The healthcare provider is the best person to answer your questions. He or she can tell you what your treatment choices are, how successful they’re expected to be, and what the risks and side effects are. Your healthcare provider may advise a specific treatment. Or he or she may offer more than one, and ask you which one you’d like to use. It can be hard to make this decision. It is important to take the time you need to make the best decision for you.
Understanding the goals of treatment for vaginal cancer
Treatment may help control or cure vaginal cancer. It can also improve your quality of life by helping to control the symptoms of the disease. The goal of vaginal cancer treatment is to do one or more of these:
Remove the main vaginal cancer tumor
Kill vaginal cancer cells
Stop the growth or spread of vaginal cancer cells
Prevent or delay the cancer growing back
Ease symptoms of the cancer, such as pain or pressure on organs
Types of treatment for vaginal cancer
There are two main kinds of treatment for vaginal cancer:
Local treatments. These remove, destroy, or control cancer cells in one part of the body. Surgery and radiation are local treatments.
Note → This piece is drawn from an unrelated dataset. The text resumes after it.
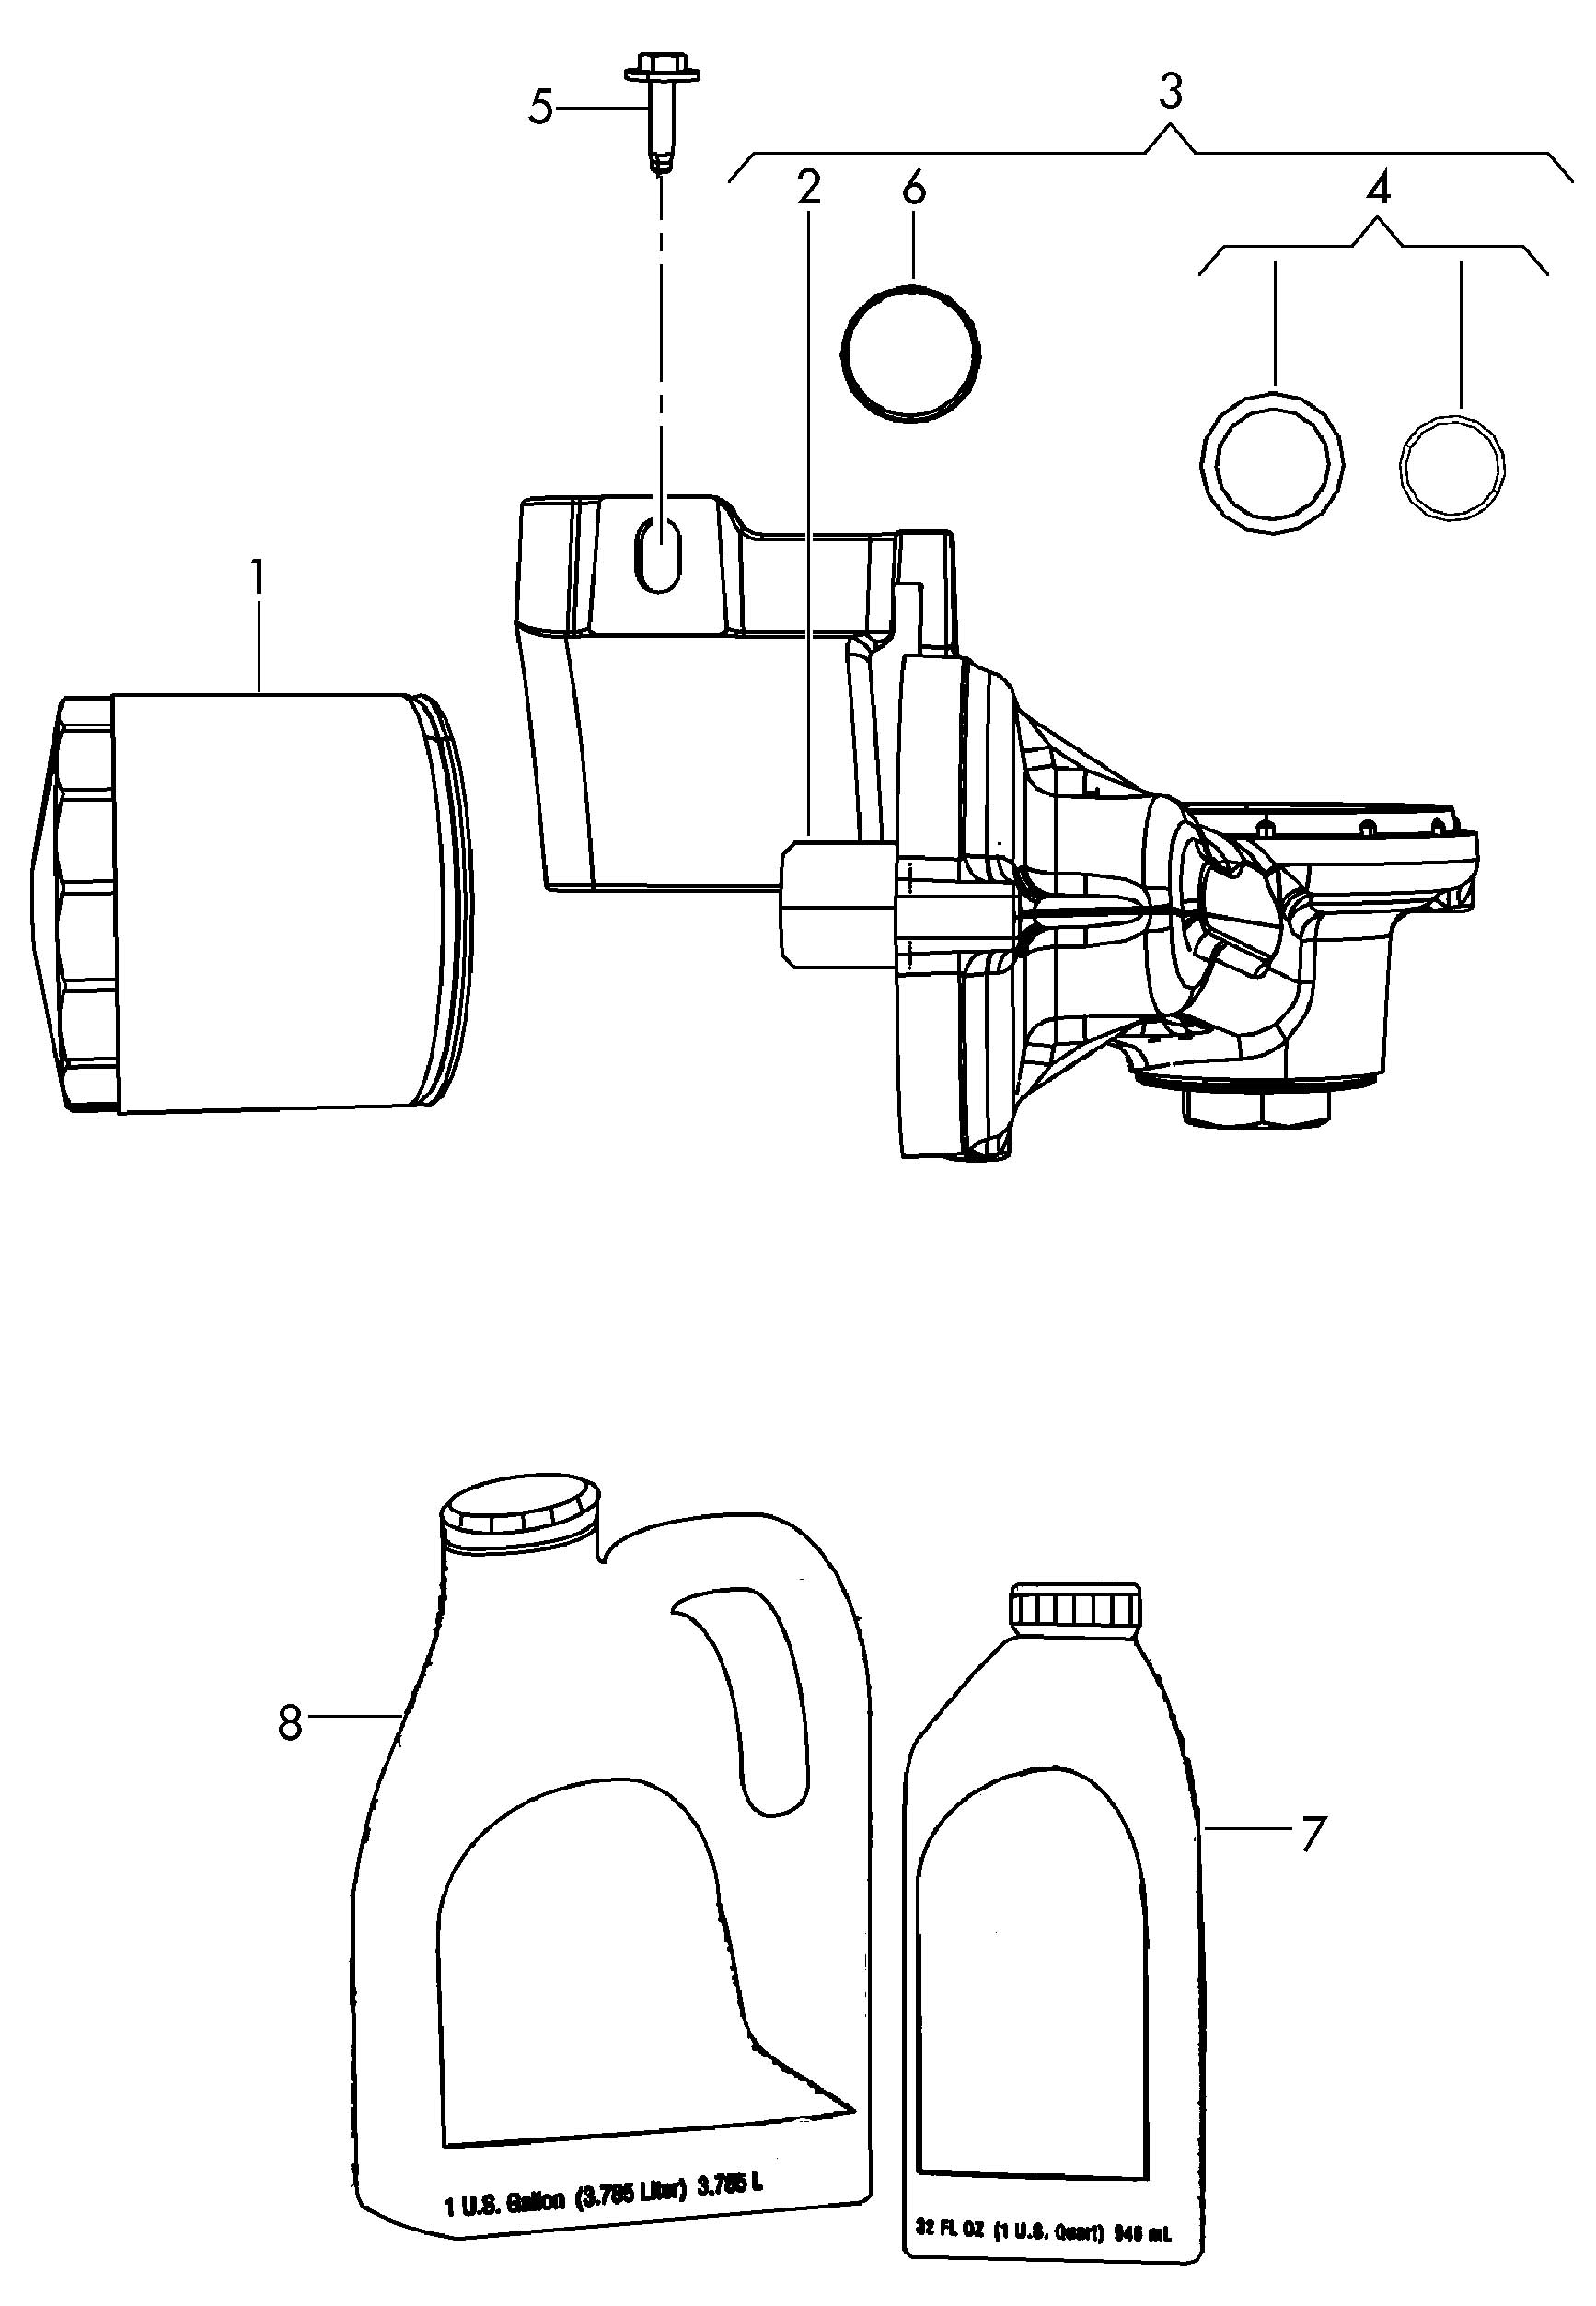 Volkswagen Routan Oil Filter Adapter Oil Filter Bracket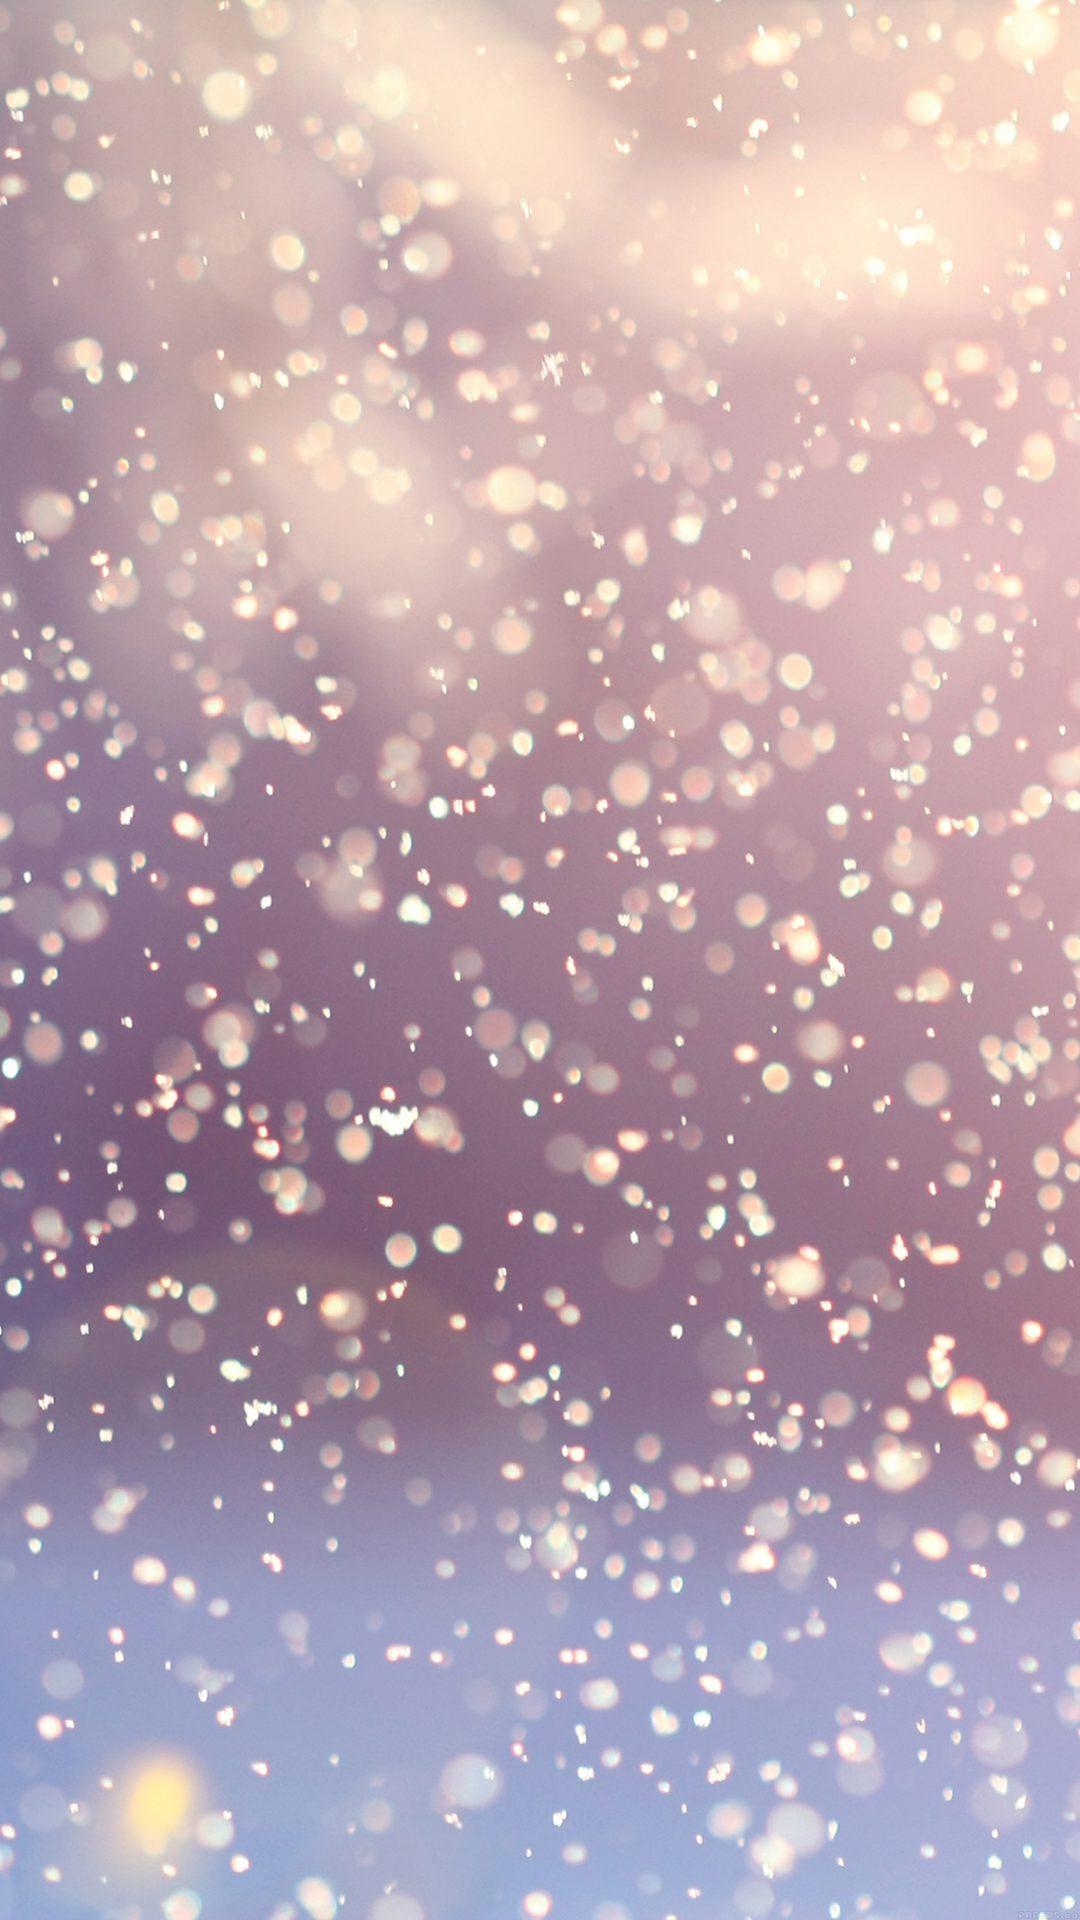 Bokeh Snow Flare Water Splash Pattern

Systemic treatments. These destroy or control cancer cells throughout the whole body. Chemotherapy is a systemic treatment.
You may have just one treatment or a combination of these treatments:
Surgery. Surgery is used to remove the cancer from your vagina. During surgery, a biopsy may be done on the lymph nodes in the groin and the pelvis. This is where vaginal cancer often spreads (metastasizes). The results of your biopsy will help your healthcare provider see if the cancer has spread. If the cancer has spread, other organs or tissue may need to be removed during surgery, or you may need more treatment after surgery.
Radiation therapy. This treatment kills cancer cells with high-energy radiation. The radiation may come from a large machine that directs it into your body. Or radioactive material may be put inside the vagina for a certain amount of time. Healthcare providers often use radiation alone to treat vaginal cancer, especially when it’s smaller. Your healthcare provider may use low-dose chemotherapy along with radiation therapy to help make your treatment work better. You may get radiation treatment after surgery to kill any cancer cells that may be left.
Chemotherapy. This is the use of medicines to kill cancer cells throughout the body. Chemotherapy is used to shrink the cancer, while also reducing your chance that the cancer will spread to other parts of your body. You may have chemotherapy alone. Or you may have it with radiation to help make the treatment work better.
Newer types of treatment may be available only through a research study. This is called a clinical trial. Talk with your healthcare provider about what clinical trials may be an option for you.
Making a decision
Deciding on the best treatment plan may take some time. Talk with your healthcare provider about how much time you can take to explore your options. You may want to get another opinion before deciding on your treatment plan. In fact, some insurance companies may require a second opinion. You also may want to involve your family and friends in this process.
Vaginal Cancer: Symptoms
What are the symptoms of vaginal cancer?
There are often no symptoms in the early stages of vaginal cancer, before cancer has spread. Most cases of this rare cancer are diagnosed in the early stages. Vaginal cancer in later stages may cause symptoms such as:
Vaginal bleeding after menopause
Bleeding that's not related to menstrual periods
Abnormal vaginal discharge
A lump or growth you can feel
Vaginal bleeding after sex
Pain during sex
Pain when urinating
Constant pain in the pelvis
When to see your healthcare provider
Many of these symptoms may be caused by other health problems. But it is important to see your healthcare provider if you have these symptoms. Only a healthcare provider can tell if you have cancer.